This is by design - all DBMS act this was with auto-increment columns.
If they did not external referential integrity could be damaged. For a simple example of this, imagine you are storing URLs for a shortening service using an auto-increment column as the key. You don't know if the shortened URL has been given out to anyone yet, and the database certainly doesn't, so reusing ID 1234 could result in someone's poor granny visiting somenastypornsite.xxx instead of loverlyknitting.org when she clicks http://shortthi.ng/1234 in an old email, instead of getting a "sorry but this link no longer exists in our records" message.
Also if you reset the increment after deleting the last item, will you also be going through all the work (or expecting the database to) of renumbering everything after the 5th item of 5 million when the 5th item is removed? complete with changes to other tables where their are foreign key constraints pointing at the increment column? Such extra work could get very expensive IO-wise.
If you do reset the increment point after deleting the last item, do be very very careful of your transaction isolation levels: You might reset it just as another transaction makes use of the value, leading to errors (or worse, silent failures), unless you make sure that your action is fully 100% isolated.

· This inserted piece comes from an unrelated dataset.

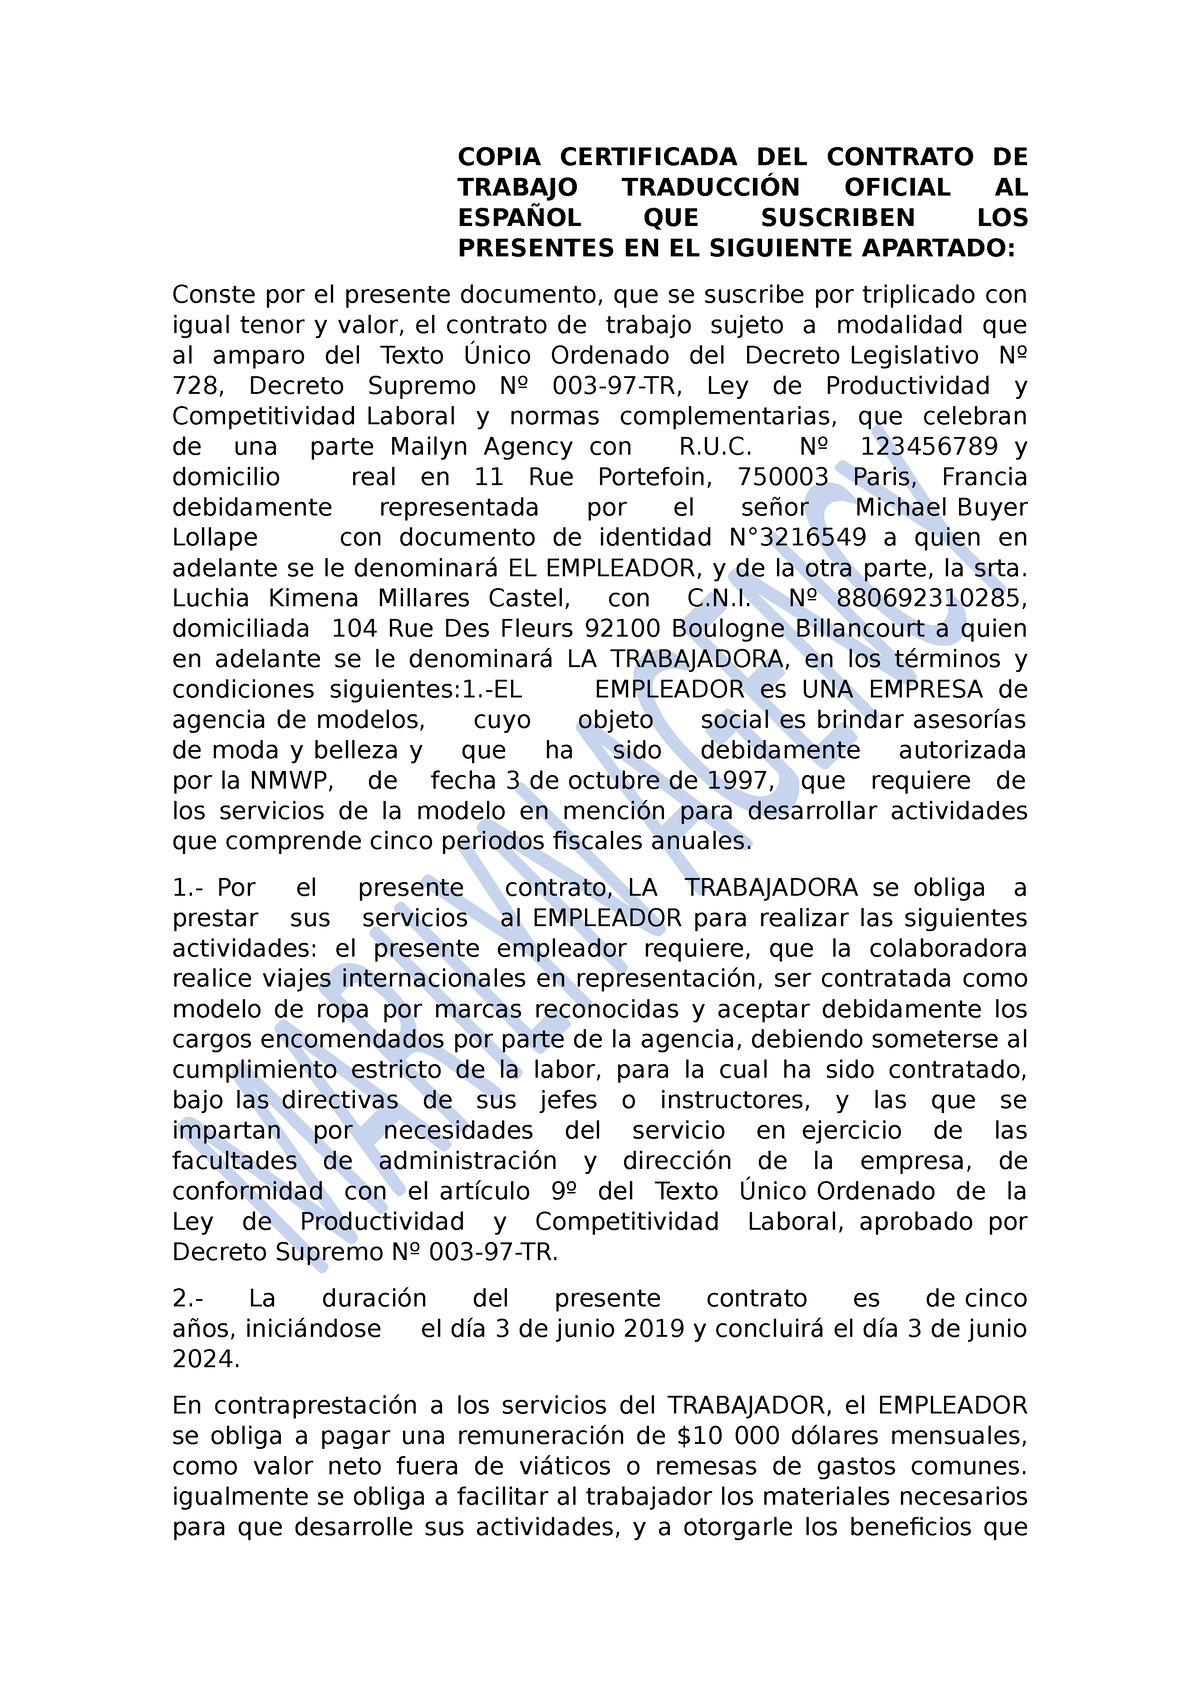 Contrato Modelaje Copia Certificada Del Contrato De Trabajo TraducciÓn Oficial Al EspaÑol Que 7639
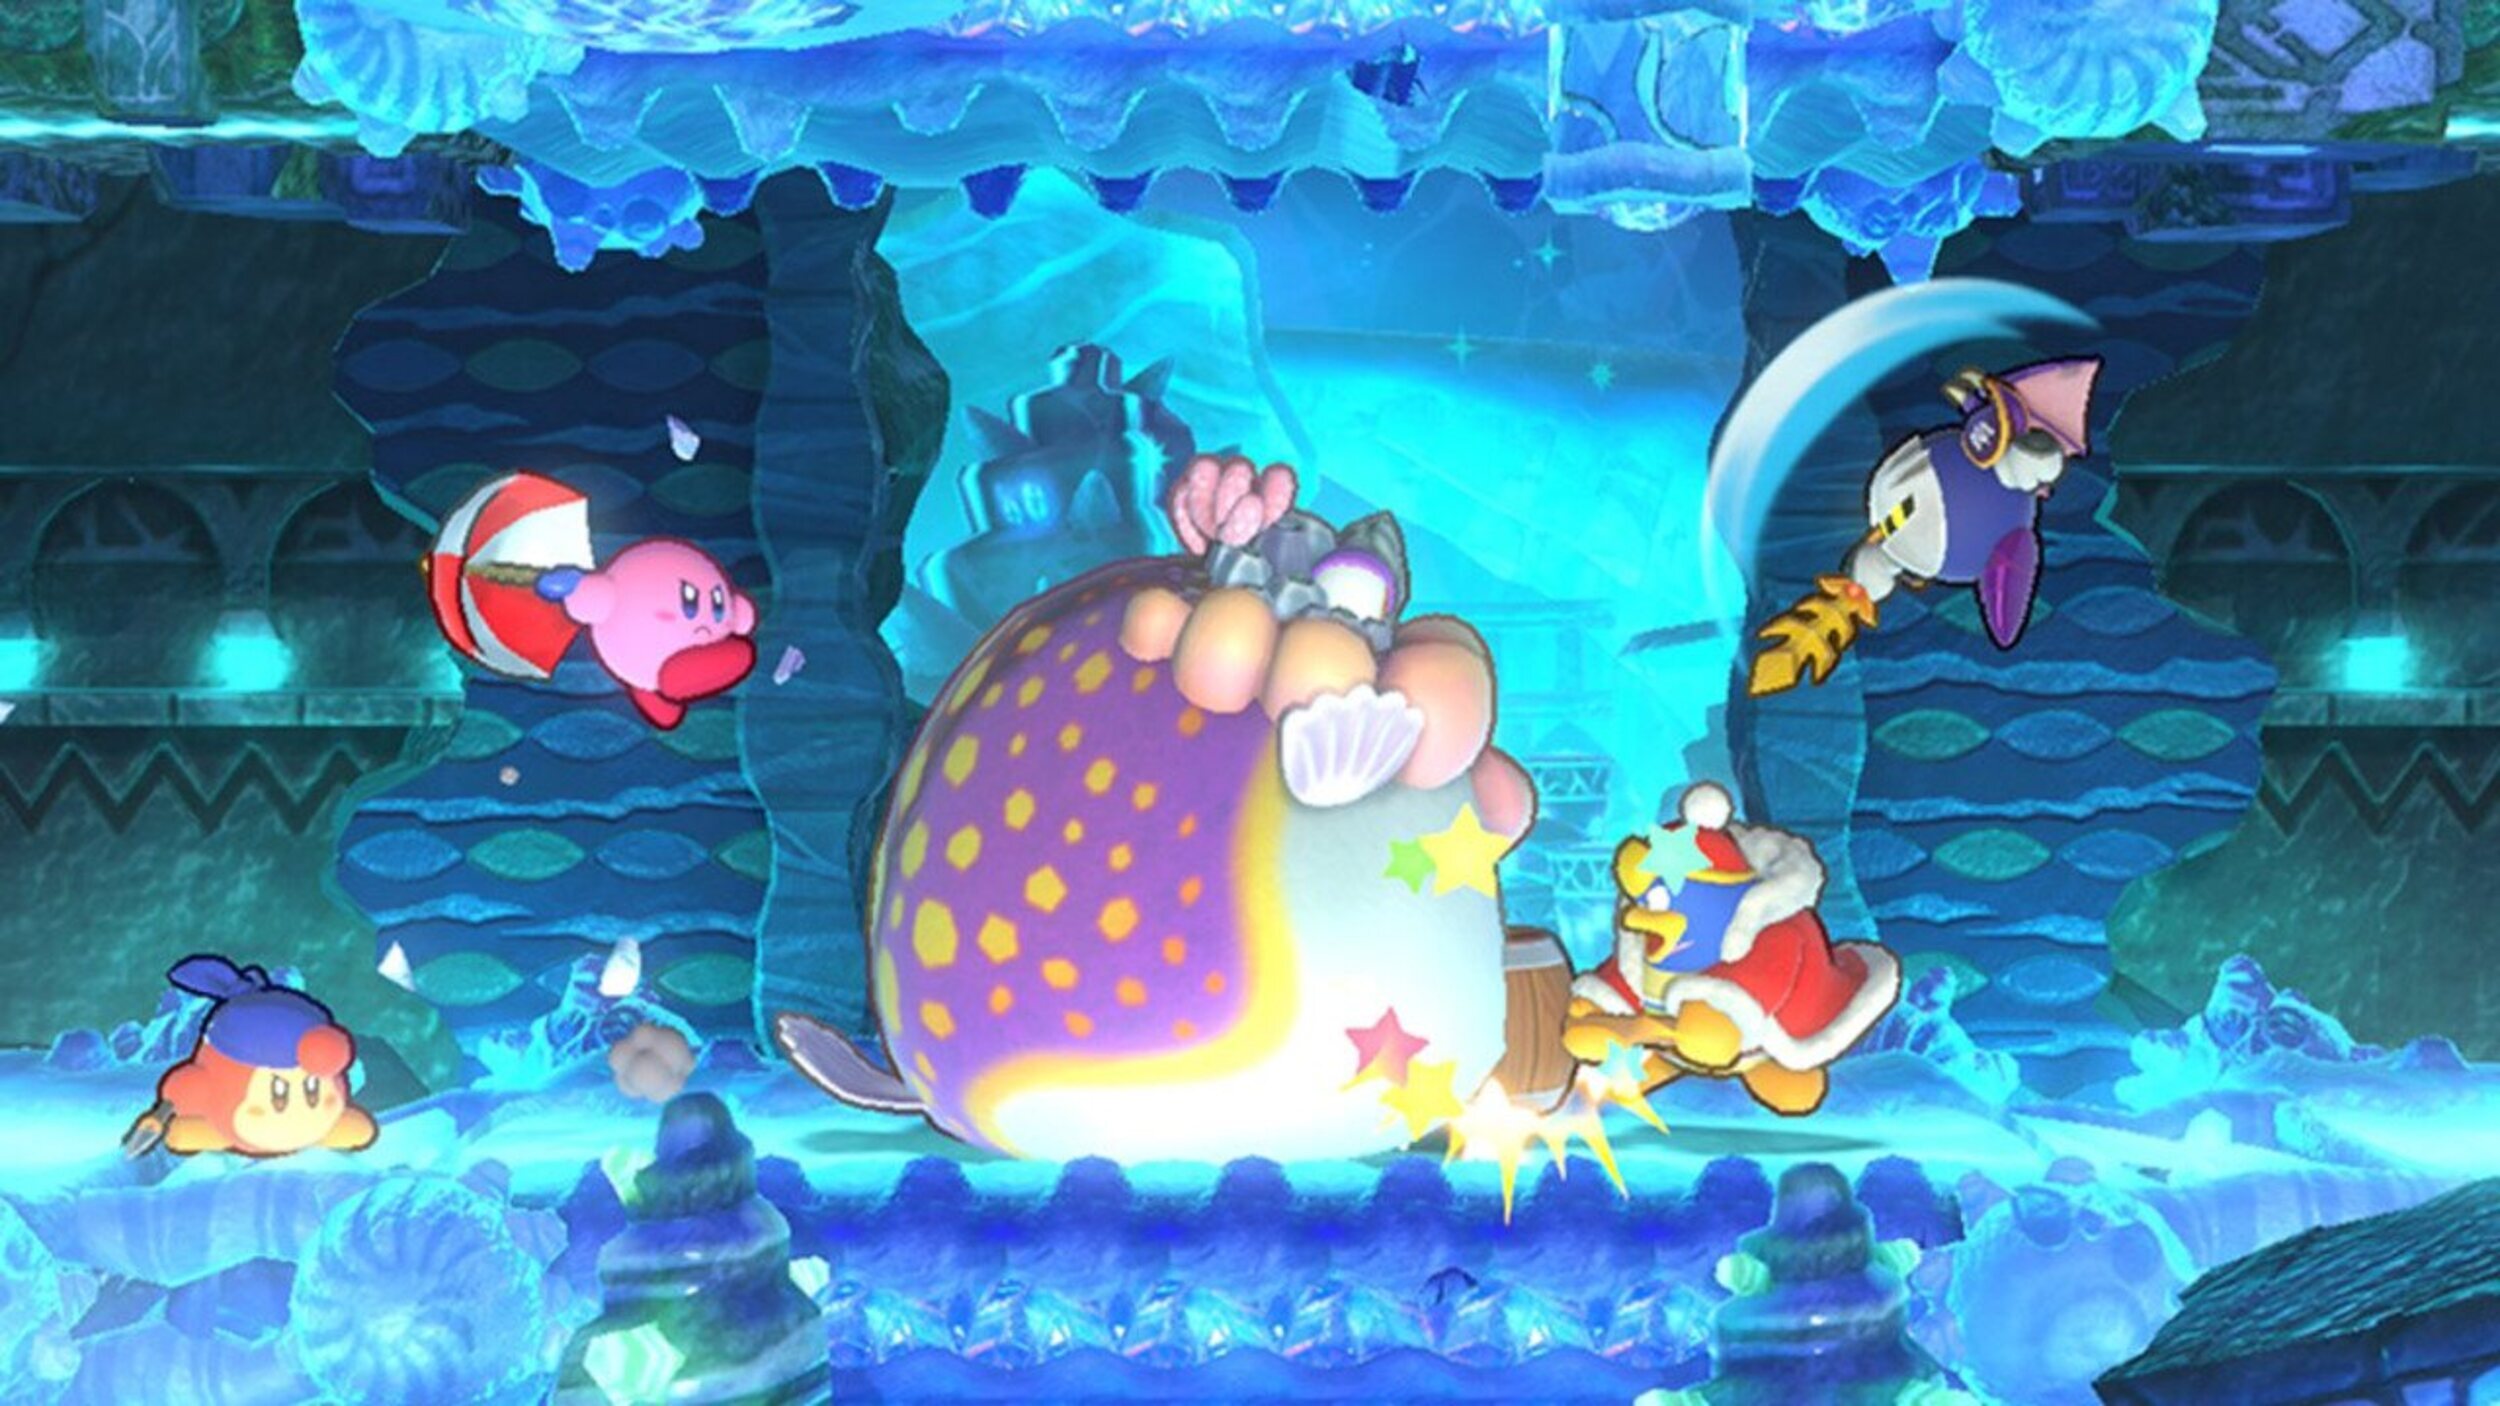 'Kirby's Return to Dream Land Deluxe' - Los jefes tienen patrones muy definidos

I generally recommend people working with databases read "SQL Antipatterns" which has a chapter on this issue named "Psuedo-Key Neat Freaks" (which covers the matter in a friendlier manner than the chapter title may imply to some!). Essentially, if the value has meaning beyond being a key (or at most carrying insert order information) then it probably should not be an auto-incrementing column, and if it does have no meaning beyond being a key (or at most carrying insert order information) then gaps should not matter.